OneHot(self, alphabet=('A', 'C', 'G', 'T'), neutral_alphabet='N', neutral_value=0.25, dtype=None)

One-hot encode the sequence

Arguments

alphabet: alphabet to use for the one-hot encoding. This defines the order of the one-hot encoding.
Can either be a list or a string: 'ACGT' or ['A, 'C', 'G', 'T']
neutral_alphabet: which element to use
neutral_value: value of the neutral element
dtype: defines the numpy dtype of the returned array.
alphabet_axis: axis along which the alphabet runs (e.g. A,C,G,T for DNA)
dummy_axis: defines in which dimension a dummy axis should be added. None if no dummy axis is required.

ReorderedOneHot

ReorderedOneHot(self, alphabet=('A', 'C', 'G', 'T'), neutral_alphabet='N', neutral_value=0.25, dtype=None, alphabet_axis=1, dummy_axis=None)
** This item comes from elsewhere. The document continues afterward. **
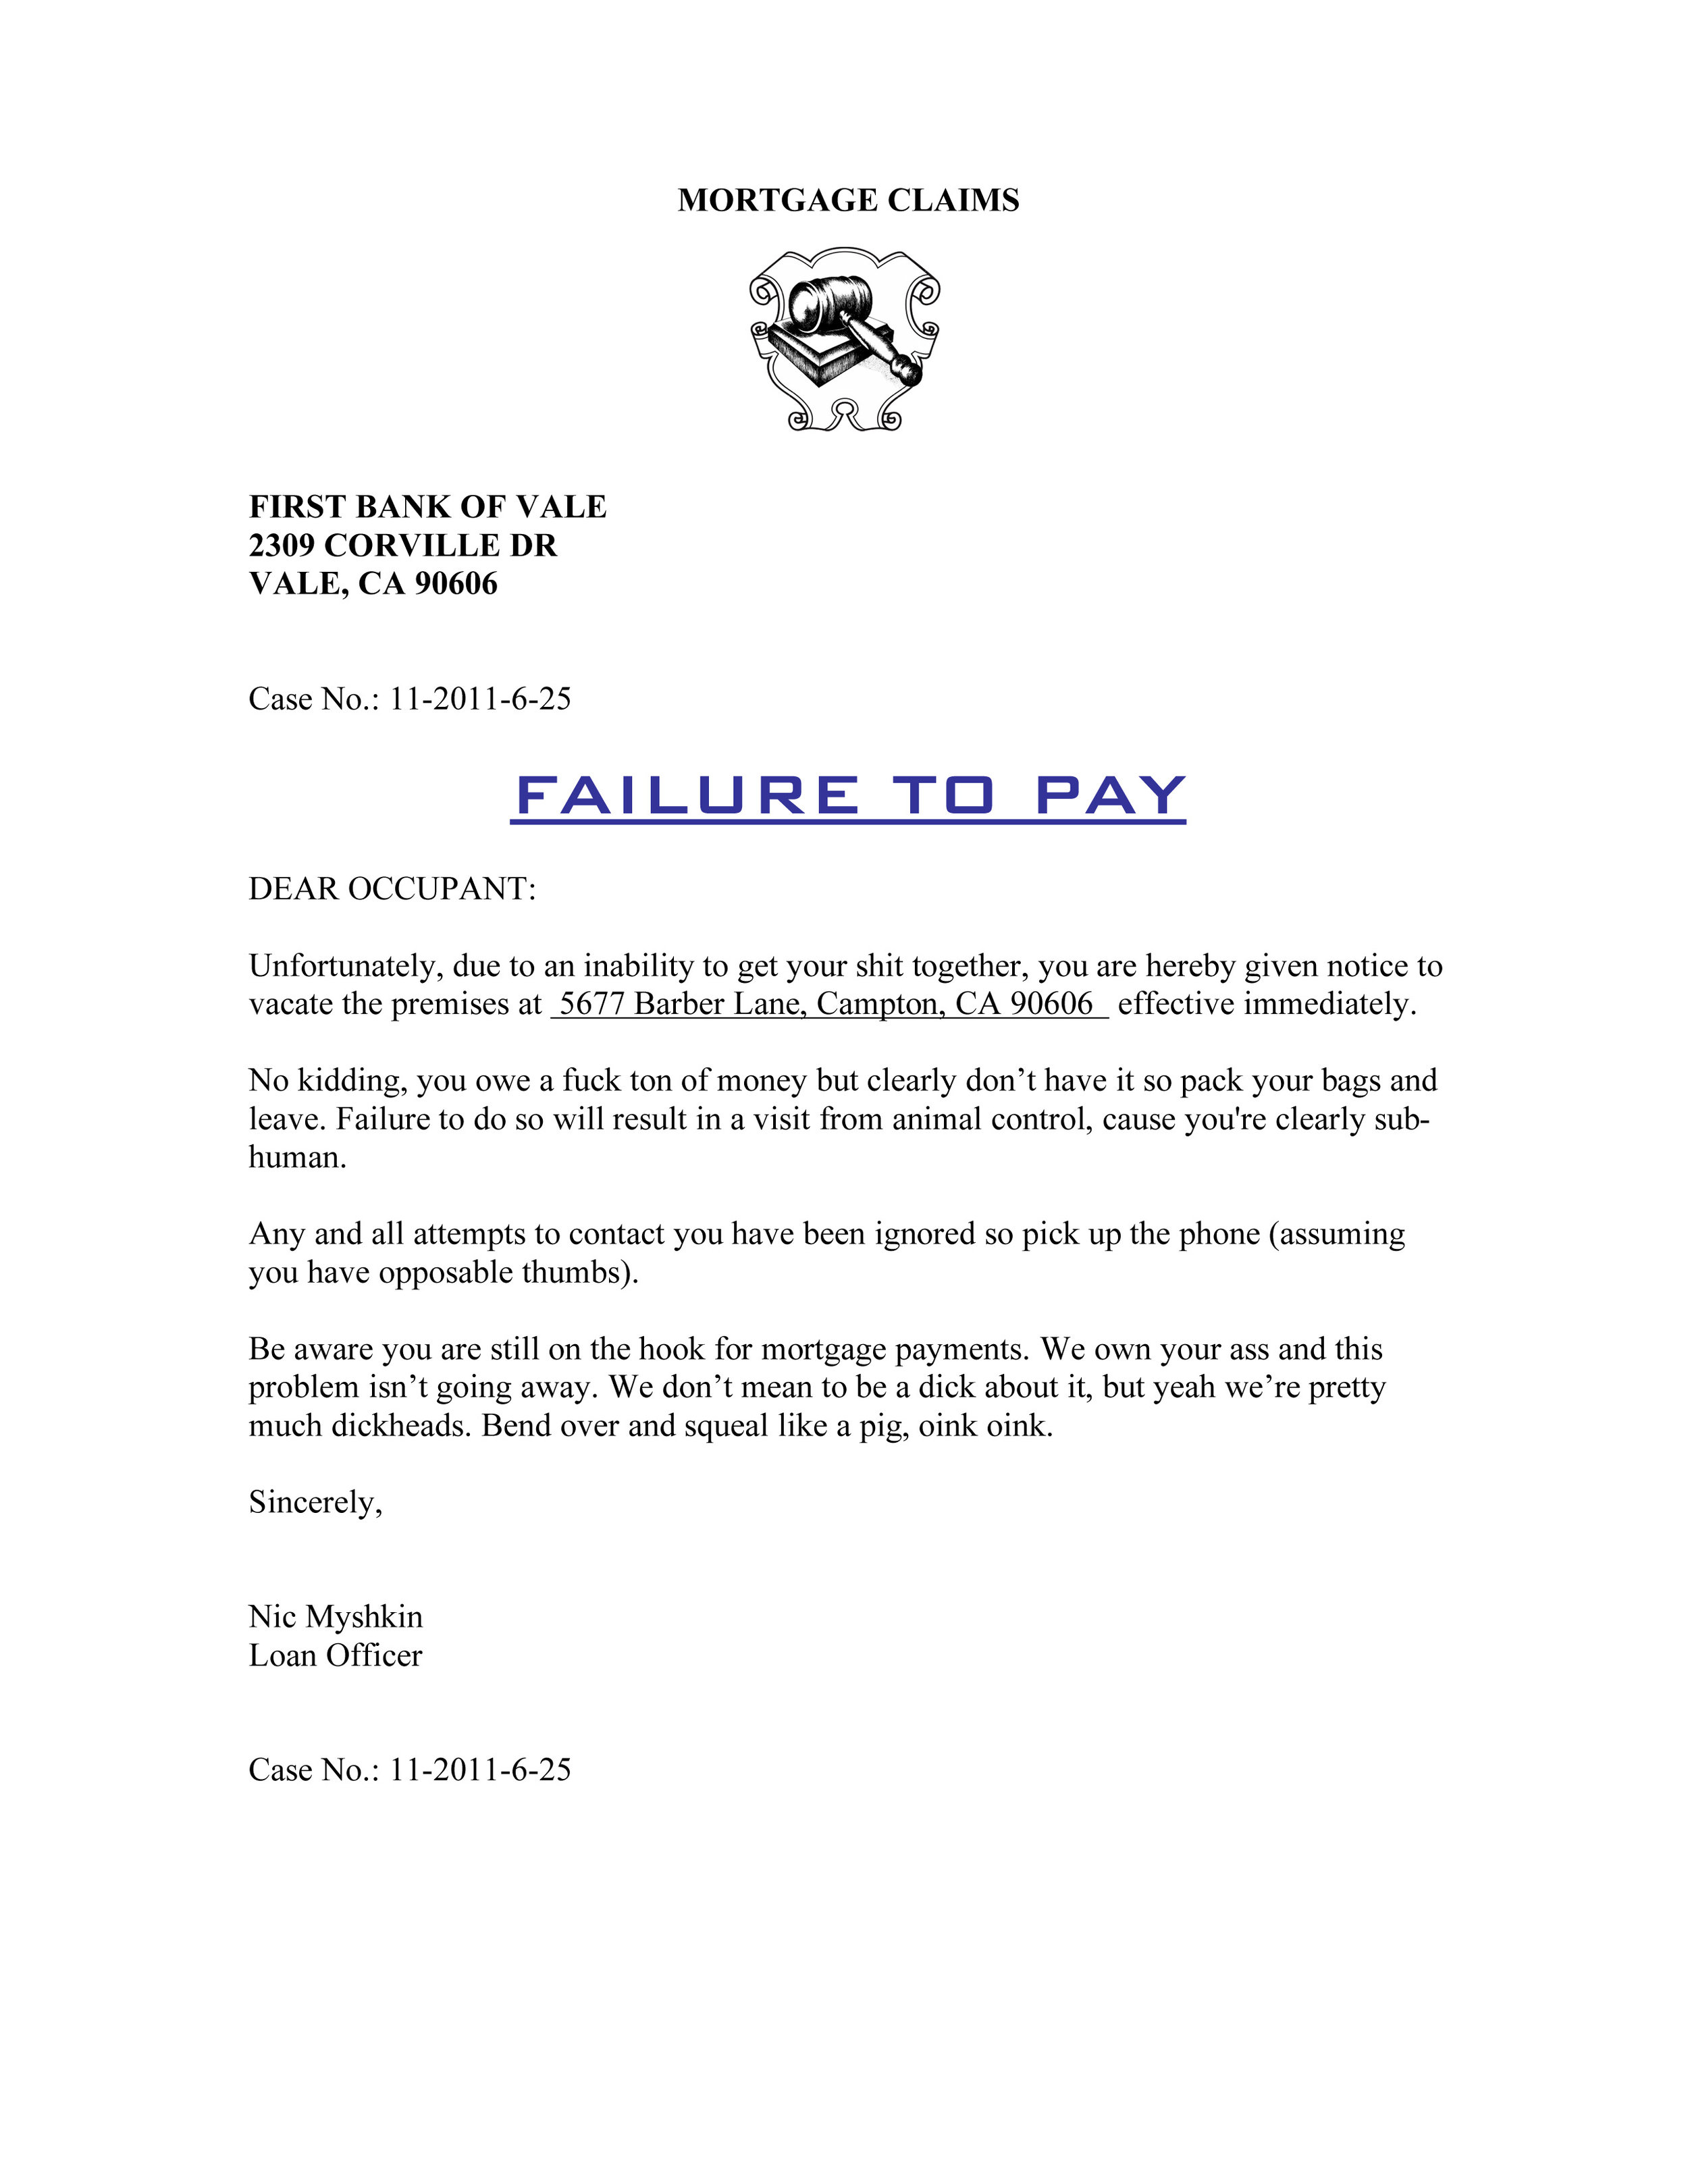 JG failure.jpg

Flexible one-hot encoding class that can account for many different one-hot encoding formats.

Arguments

alphabet: alphabet to use for the one-hot encoding. This defines the order of the one-hot encoding.
Can either be a list or a string: 'ACGT' or ['A, 'C', 'G', 'T']
neutral_alphabet: (single string character) neutral element representing
neutral_value: value of the neutral element
dtype: defines the numpy dtype of the returned array.
alphabet_axis: axis along which the alphabet runs (e.g. A,C,G,T for DNA)
dummy_axis: defines in which dimension a dummy axis should be added. None if no dummy axis is required.
Examples (None = sequence axis):
- (None, 4): default
- (4, None): alphabet_axis=0
- (4, 1, None): alphabet_axis=0, dummy_axis=1

SplitSplicingSeq

SplitSplicingSeq(self, exon_cut_l=0, exon_cut_r=0, intron5prime_cut=6, intron3prime_cut=6, acceptor_intron_len=50, acceptor_exon_len=3, donor_exon_len=5, donor_intron_len=13)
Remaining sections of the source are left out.